§ WHAT THE TASK ASKS:
Repeat the whole listing word for word, skipping pictures.

§ INFORMATION SUPPLIED:

--

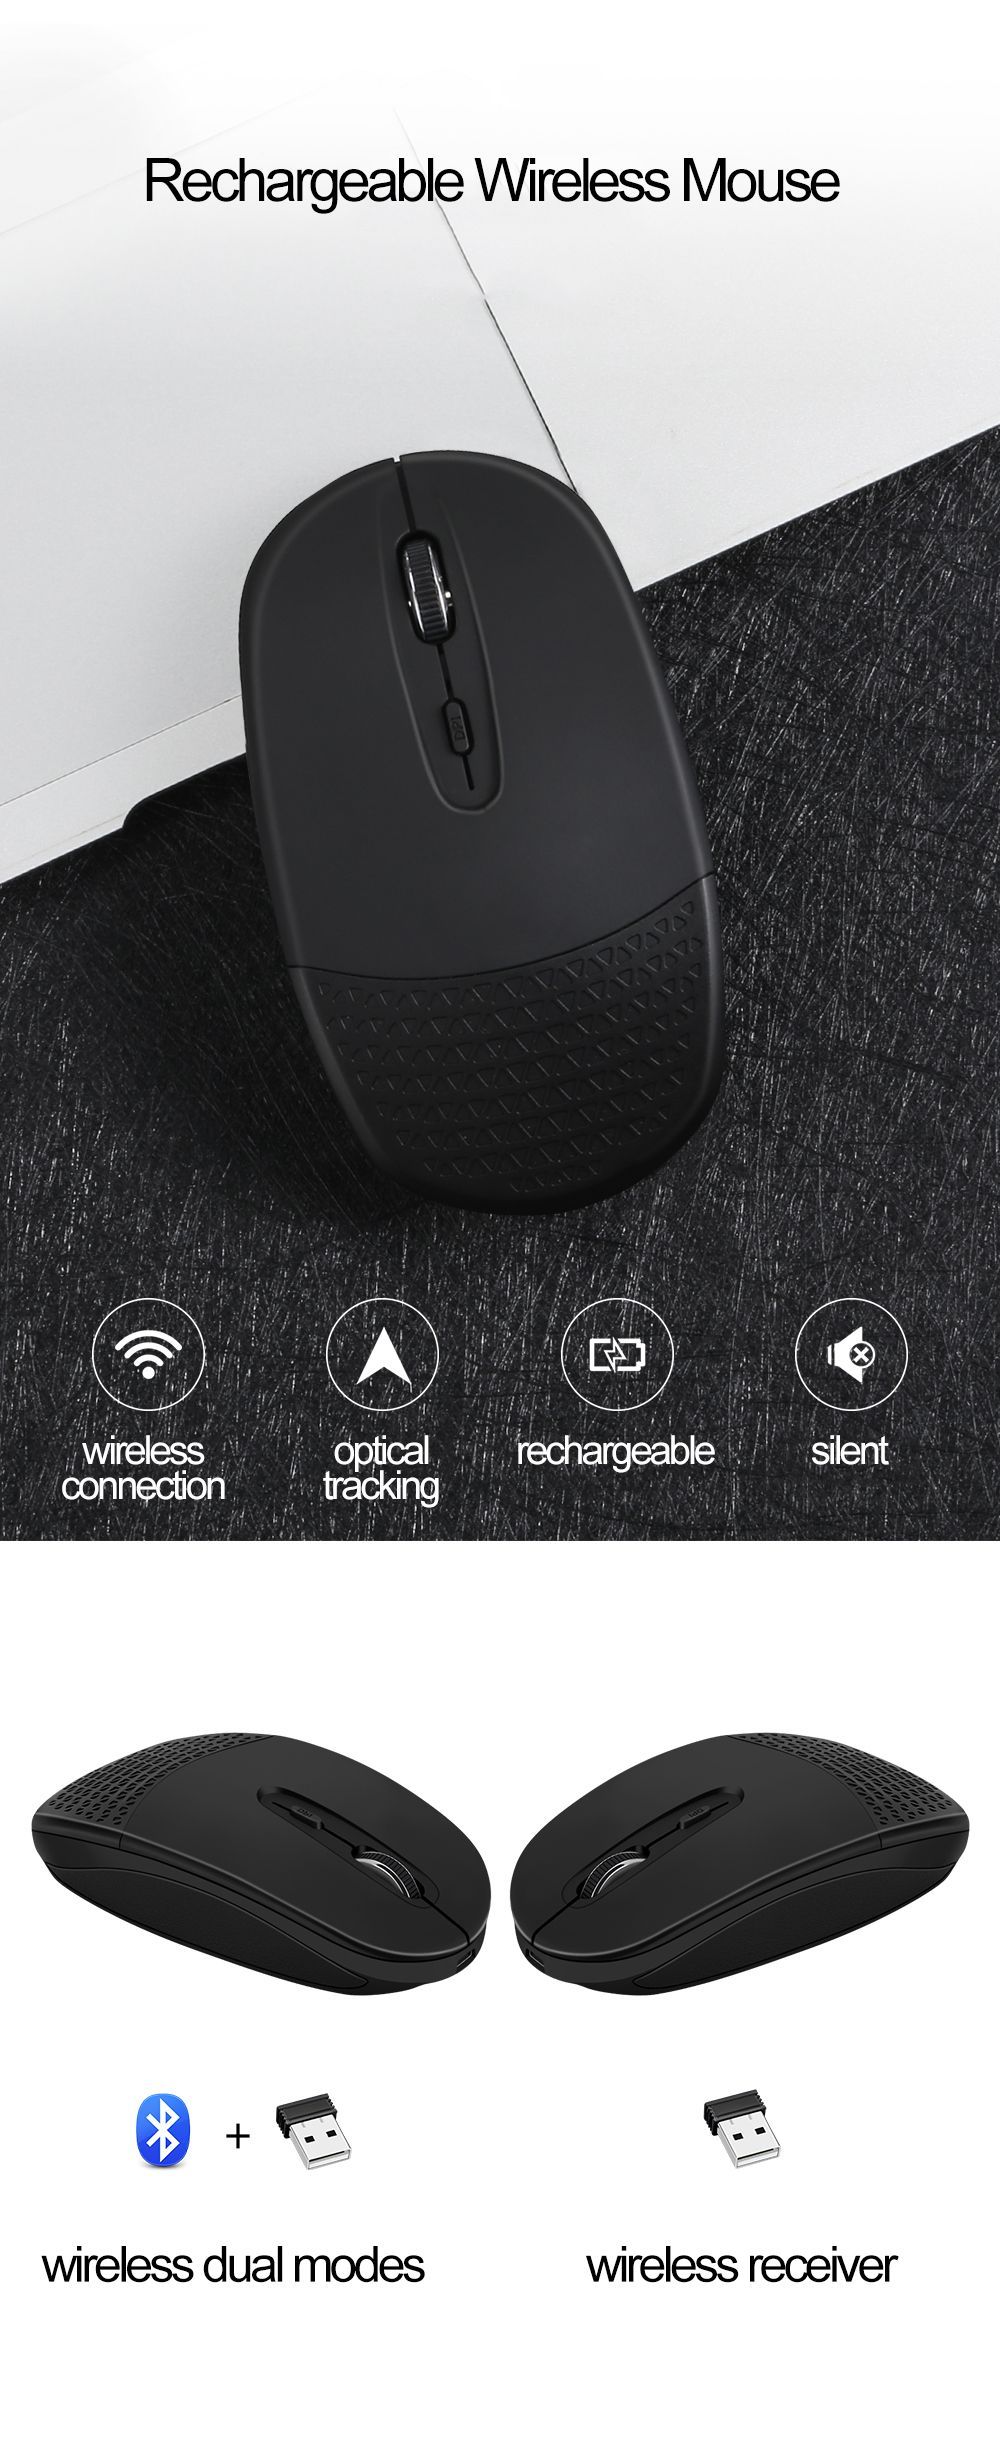 BUBM-WXSB-F-Rechargeable-Wireless-Mouse-24GHz-Gaming-Optical-Mice-Office-Mouse-with-USB-Receiver-For-1622164
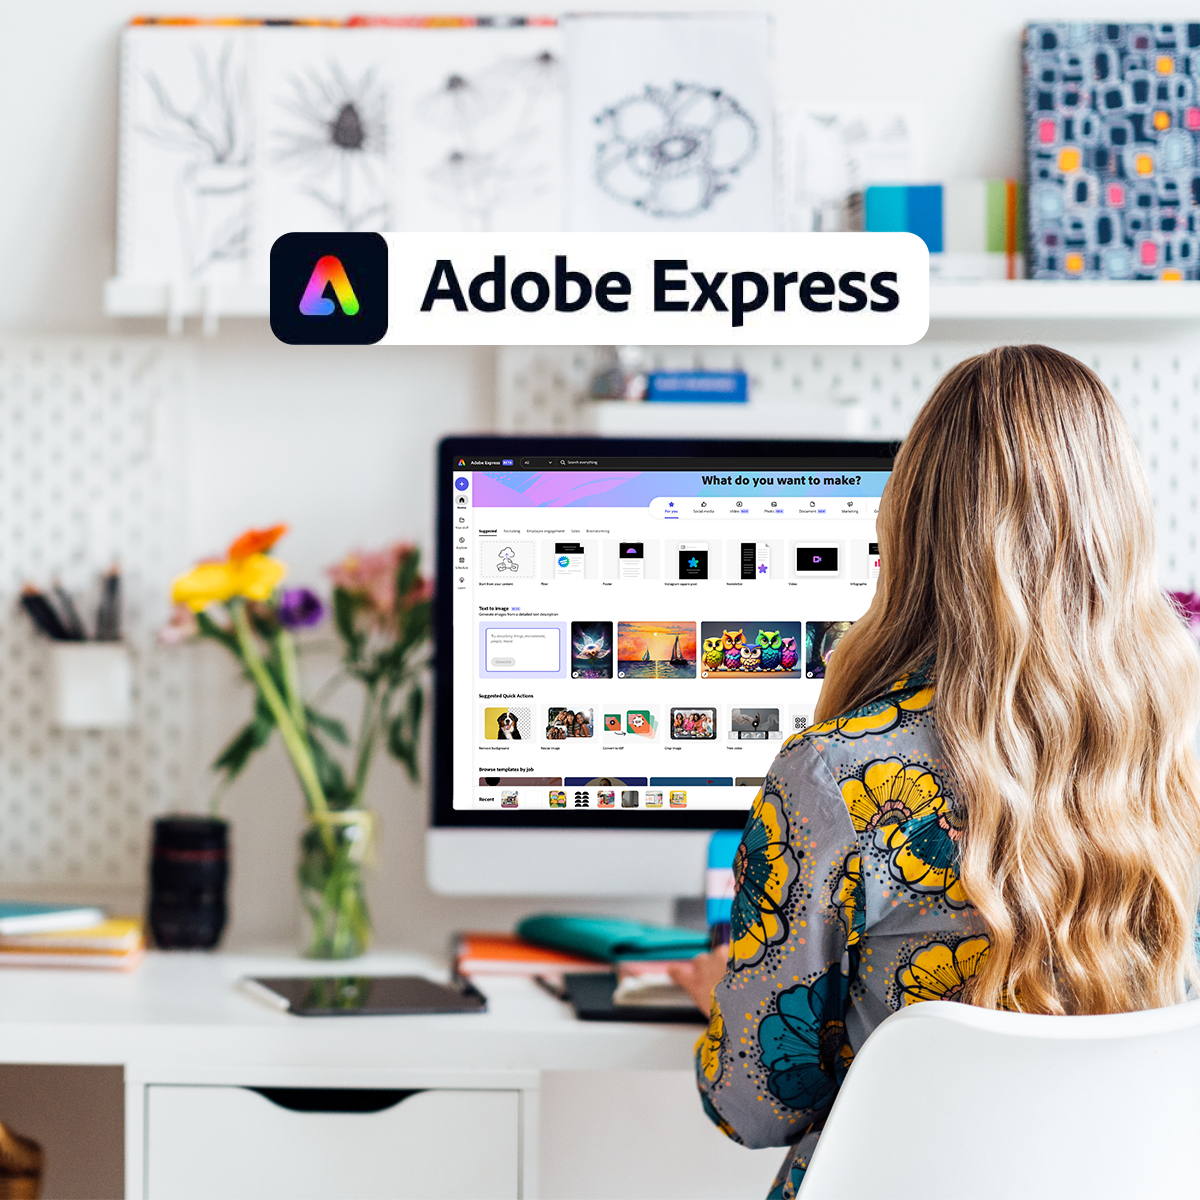 Start your branding journey with Adobe Express!
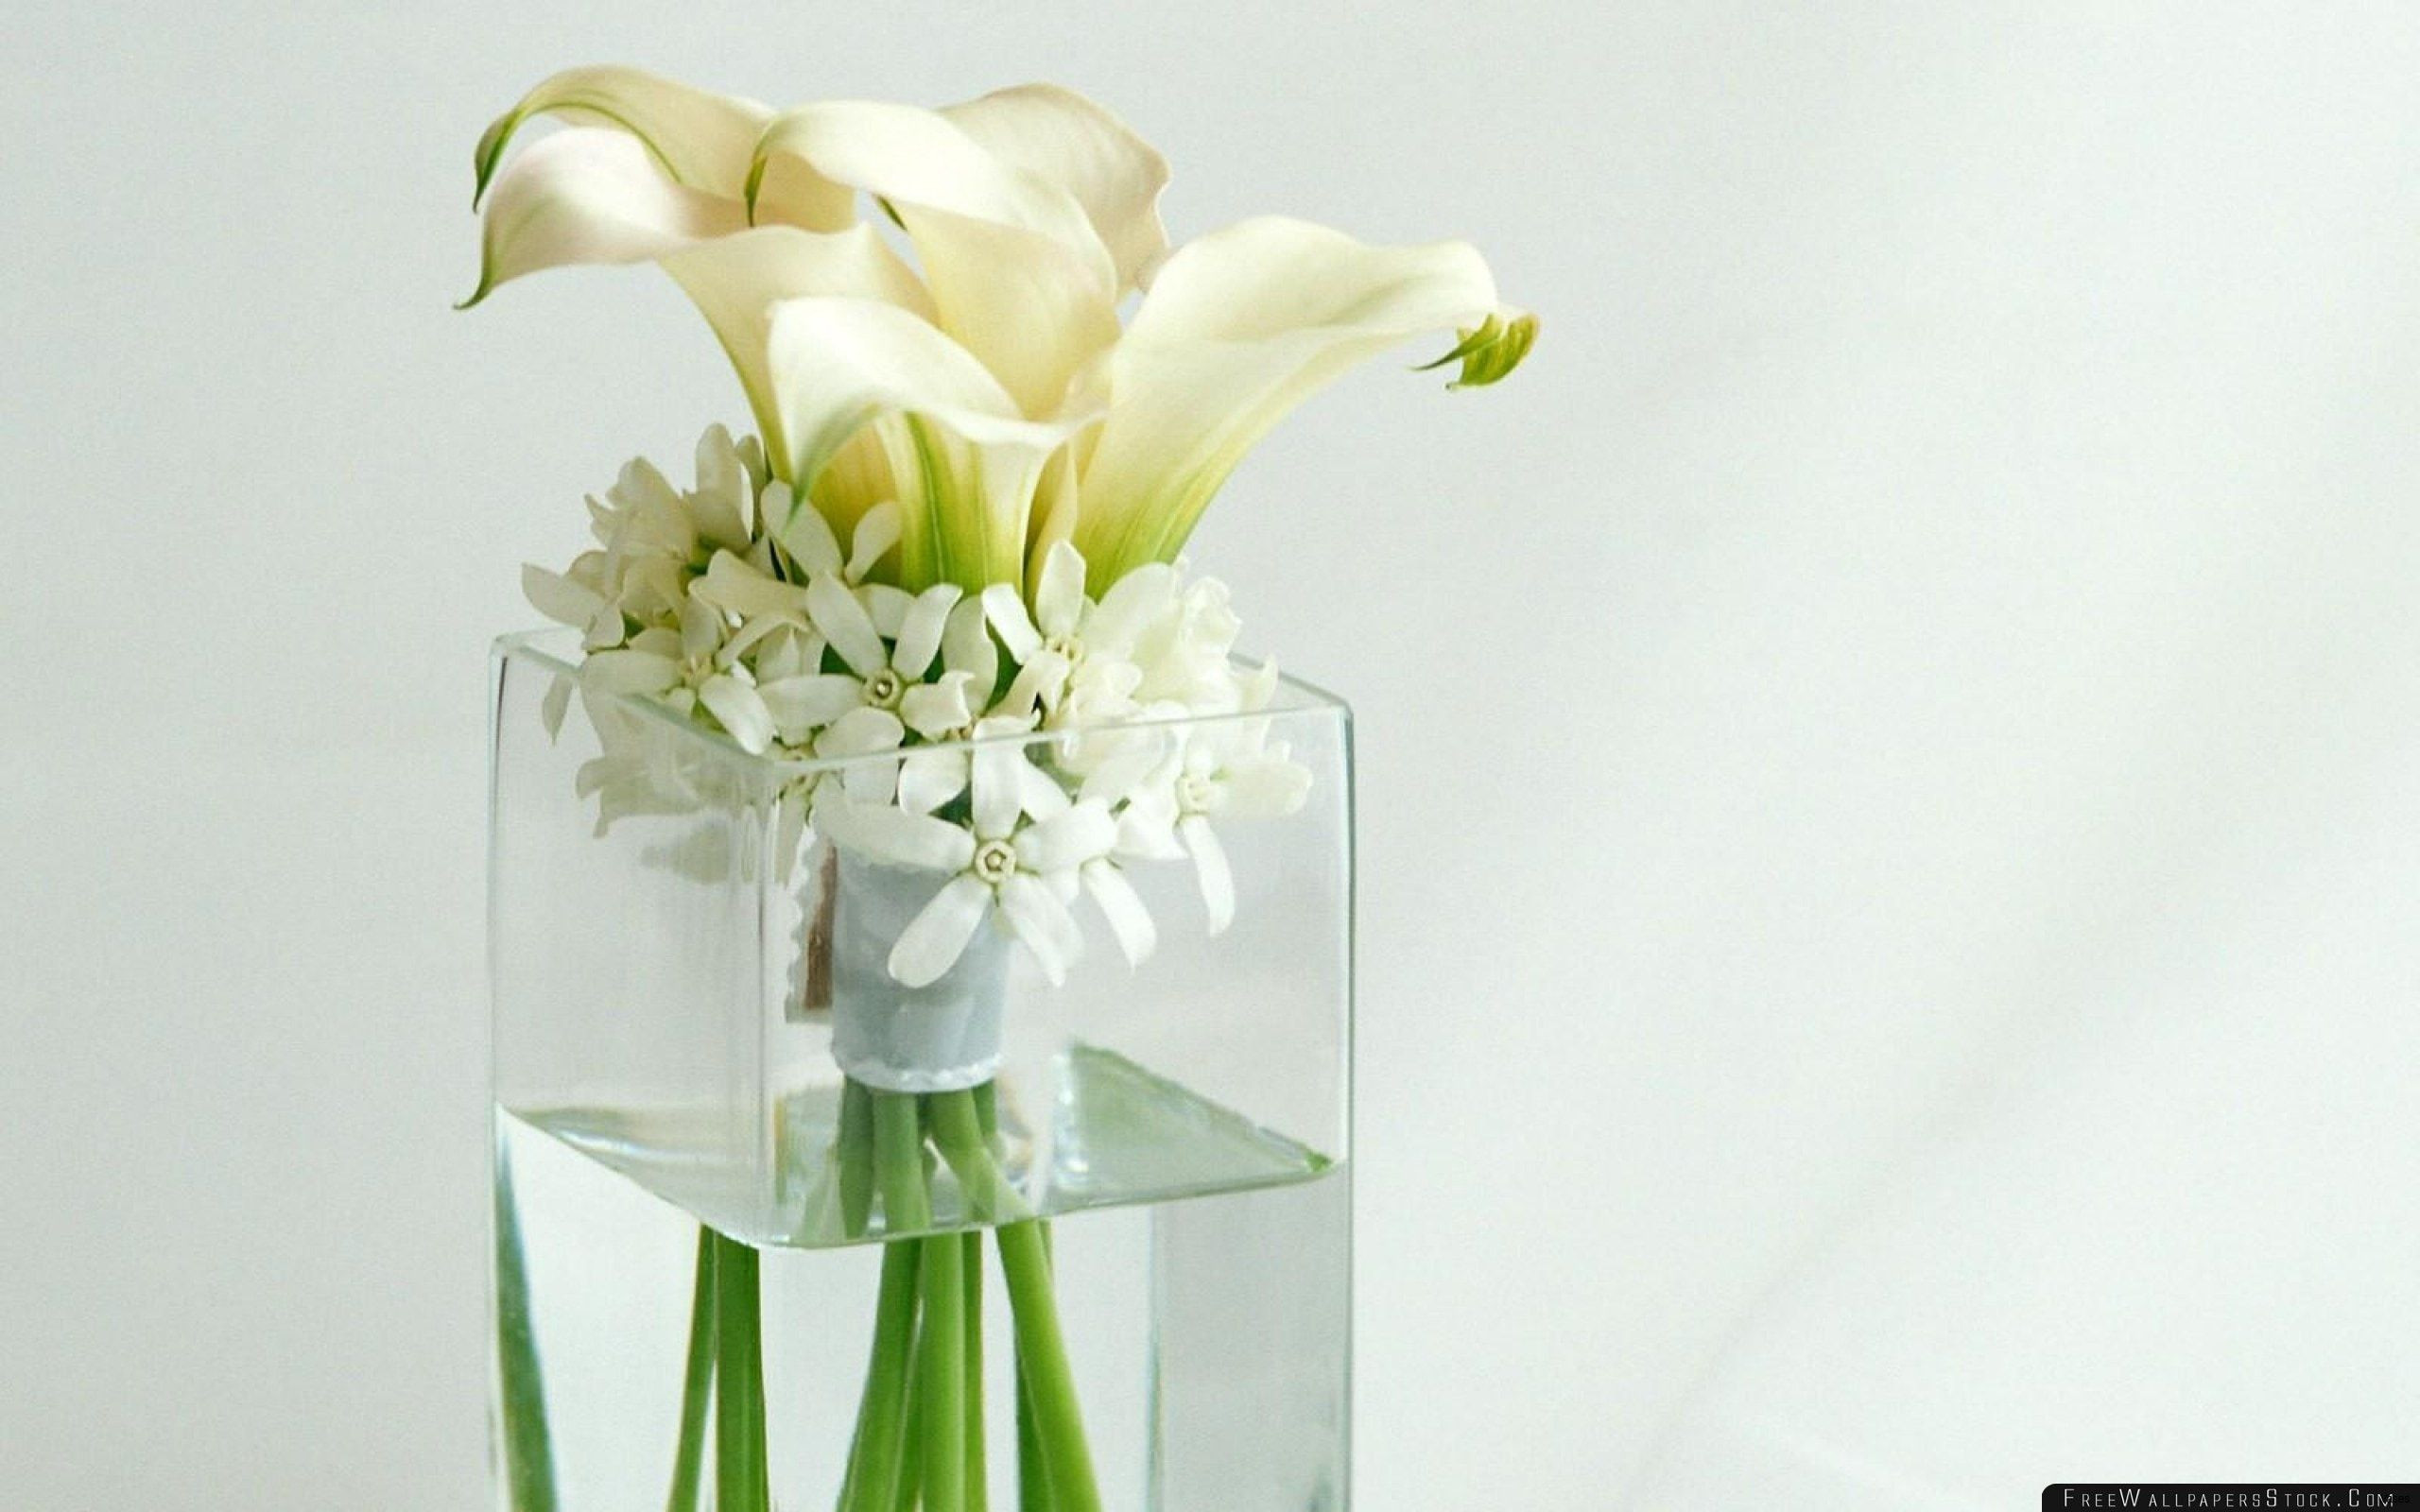 21 Recommended Glass Vase Centerpiece Ideas 2024 free download glass vase centerpiece ideas of flowers in glass vase new tall vase centerpiece ideas vases flowers within flowers in glass vase new tall vase centerpiece ideas vases flowers in water 0d art

--

§ EXERCISE RESULT:
 BUBM-WXSB-F-Rechargeable-Wireless-Mouse-24GHz-Gaming-Optical-Mice-Office-Mouse-with-USB-Receiver-For-1622164
 Start your branding journey with Adobe Express!
 21 Recommended Glass Vase Centerpiece Ideas 2024 free download glass vase centerpiece ideas of flowers in glass vase new tall vase centerpiece ideas vases flowers within flowers in glass vase new tall vase centerpiece ideas vases flowers in water 0d art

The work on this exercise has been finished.